National Union of Warehouse and General Workers
- Merged into: National Union of Distributive and Allied Workers
- Founded: 1911
- Dissolved: 1921
- Headquarters: Spekeland Buildings, 22 Canning Place, Liverpool
- Location: United Kingdom;
- Key people: William Albert Robinson (Gen Sec)
- Affiliations: TUC, NTWF

= National Union of Warehouse and General Workers =

Former trade union of the United Kingdom

The National Union of Warehouse and General Workers was a trade union representing workers, mostly in commercial warehouses, in the United Kingdom.

The union was founded in 1911 when six local unions in Liverpool and Manchester merged, forming the Amalgamated General and Warehouse Workers' Union. Although the majority of members worked in commercial warehouses, one of the founding unions included tobacco workers, who also transferred to the new union.
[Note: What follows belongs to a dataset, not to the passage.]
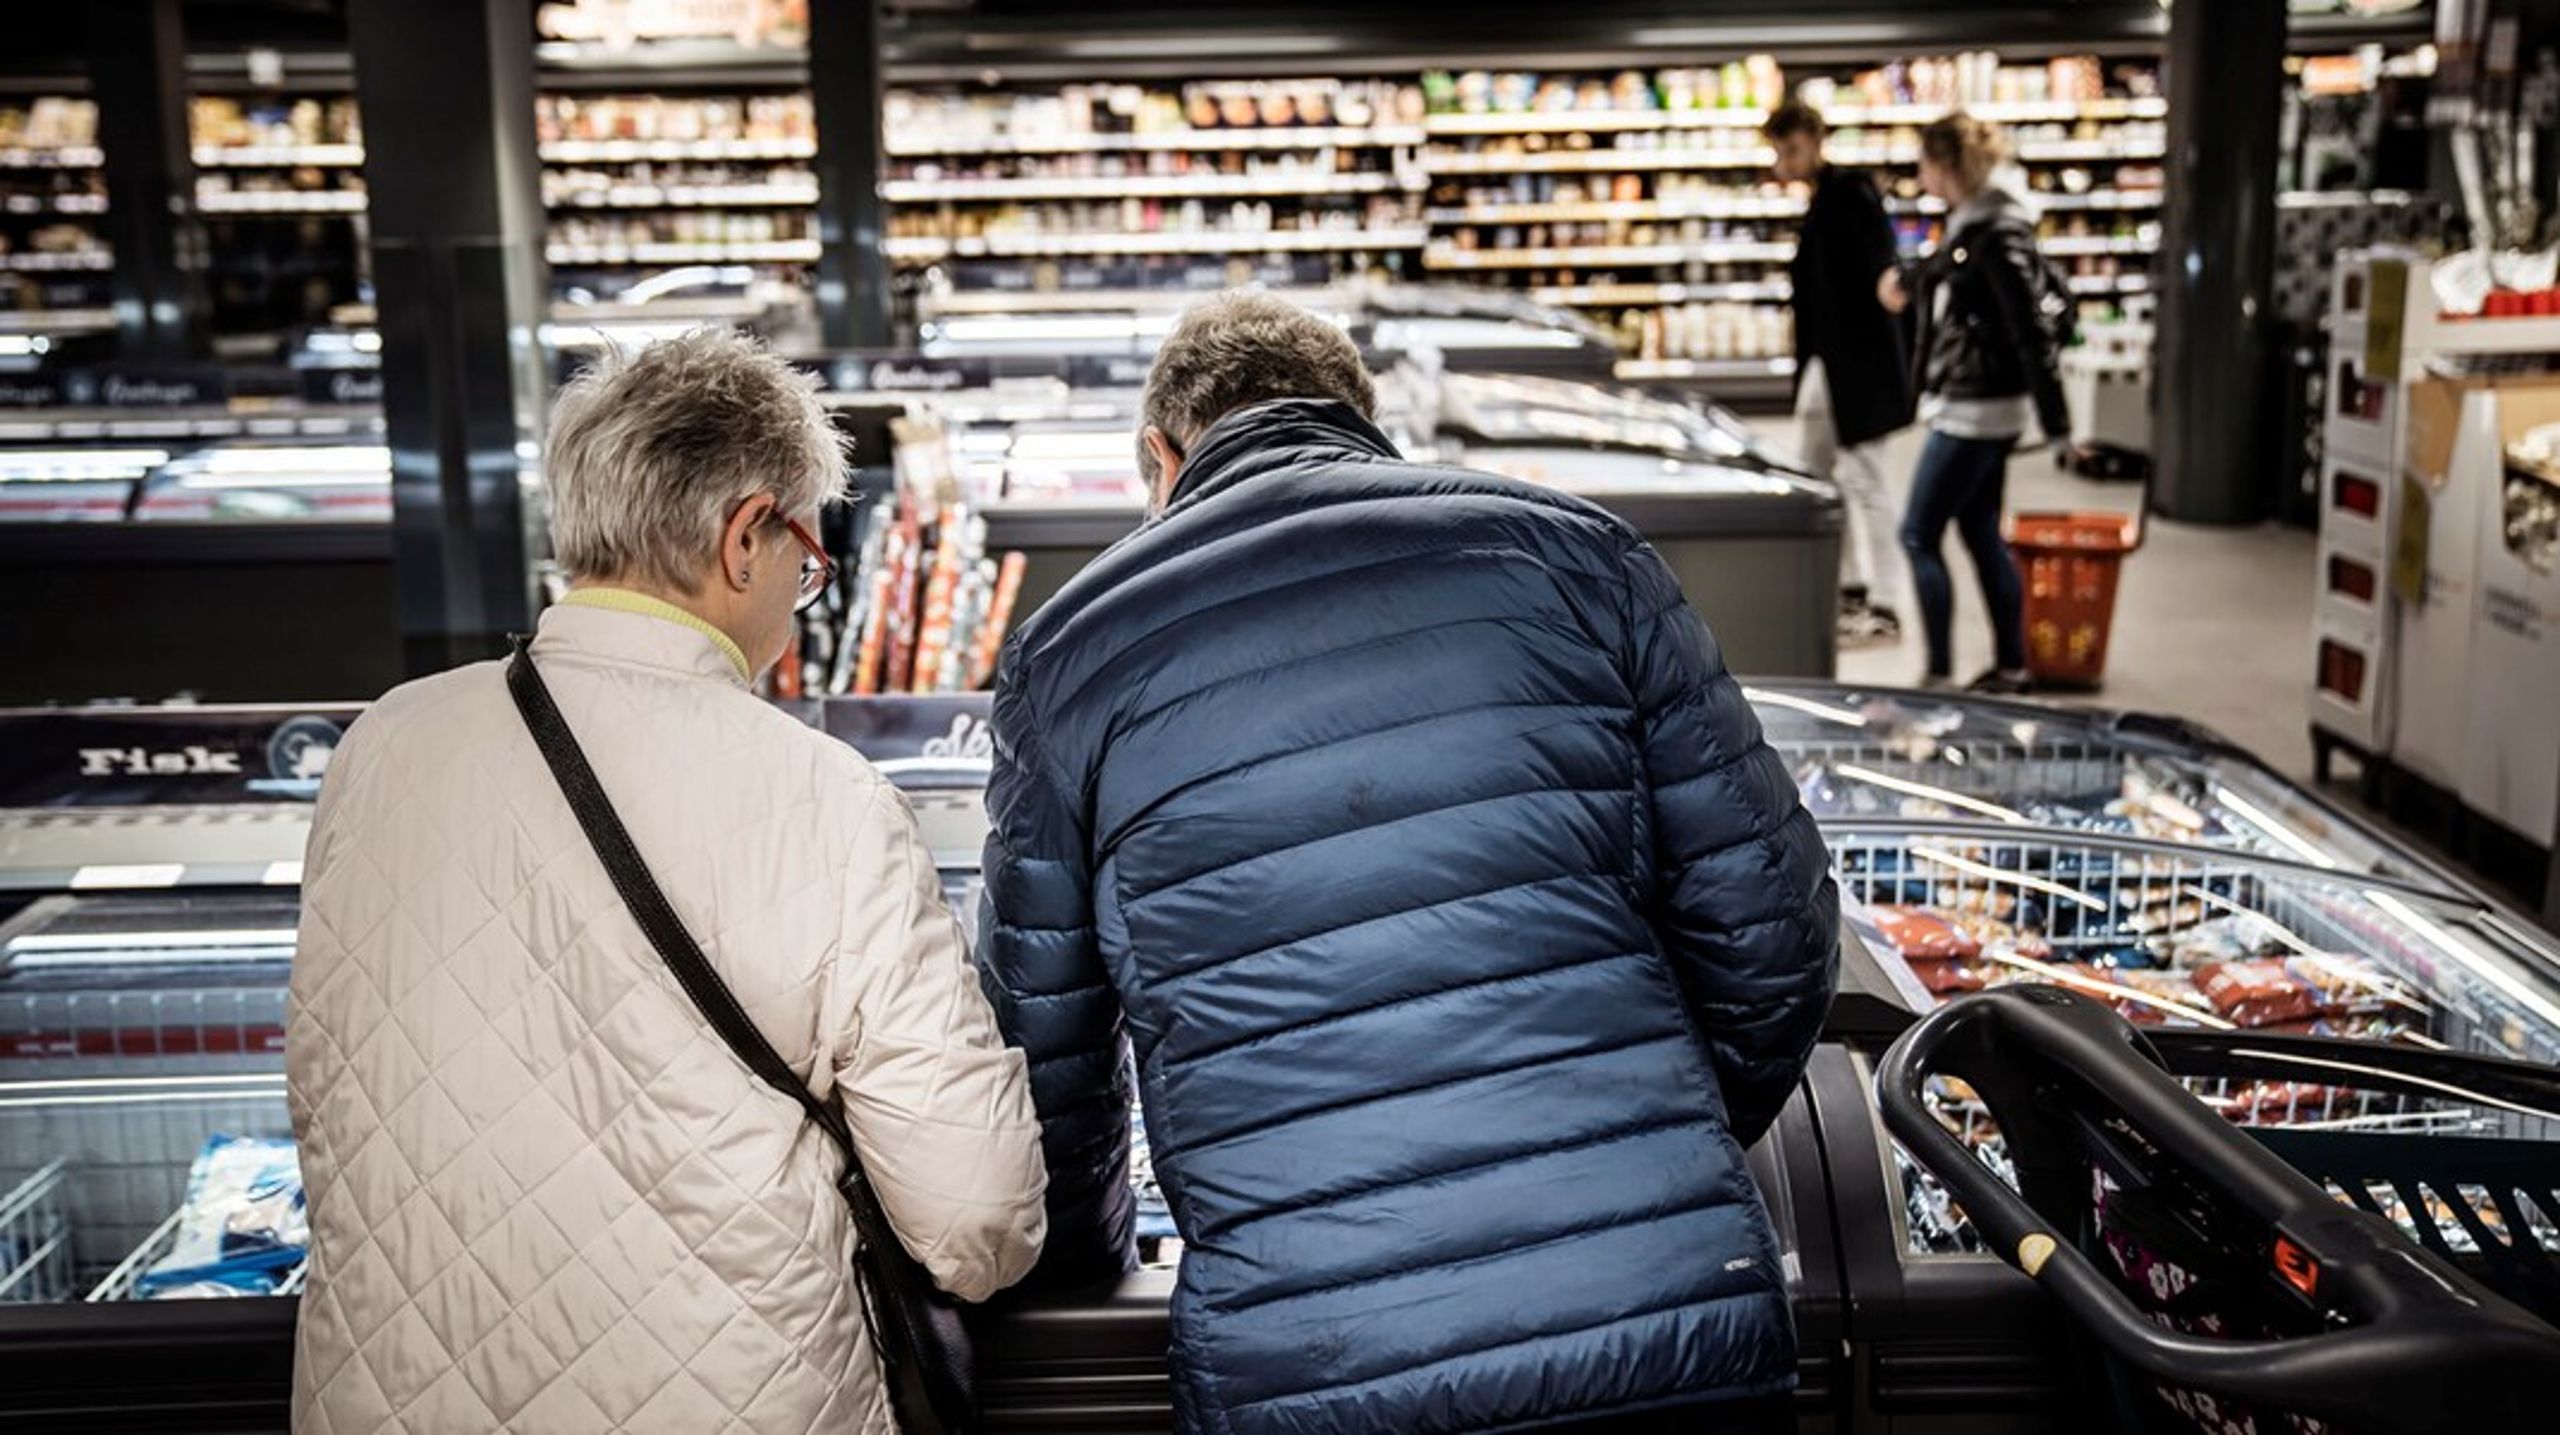 De danske forbrugere får snart hjælp ved køledisken til at handle mere klimavenligt. Ifølge en undersøgelse foretrækker de især én bestemt mærkningsmodel.

In 1913, the union renamed itself as the "National Union of Warehouse and General Workers".

The membership of the union varied considerably; it had 6,000 members on formation, but this fell to 4,000 the following year, before rising to 7,688 in 1915. It recruited huge numbers of members during World War I, and by 1920 claimed a membership of 96,000. It was particularly successful in recruiting toymakers, and by the end of the war, around 2,000 of its members worked in the sector.

At the start of 1921, the union merged with the Amalgamated Union of Co-operative Employees, forming the National Union of Distributive and Allied Workers.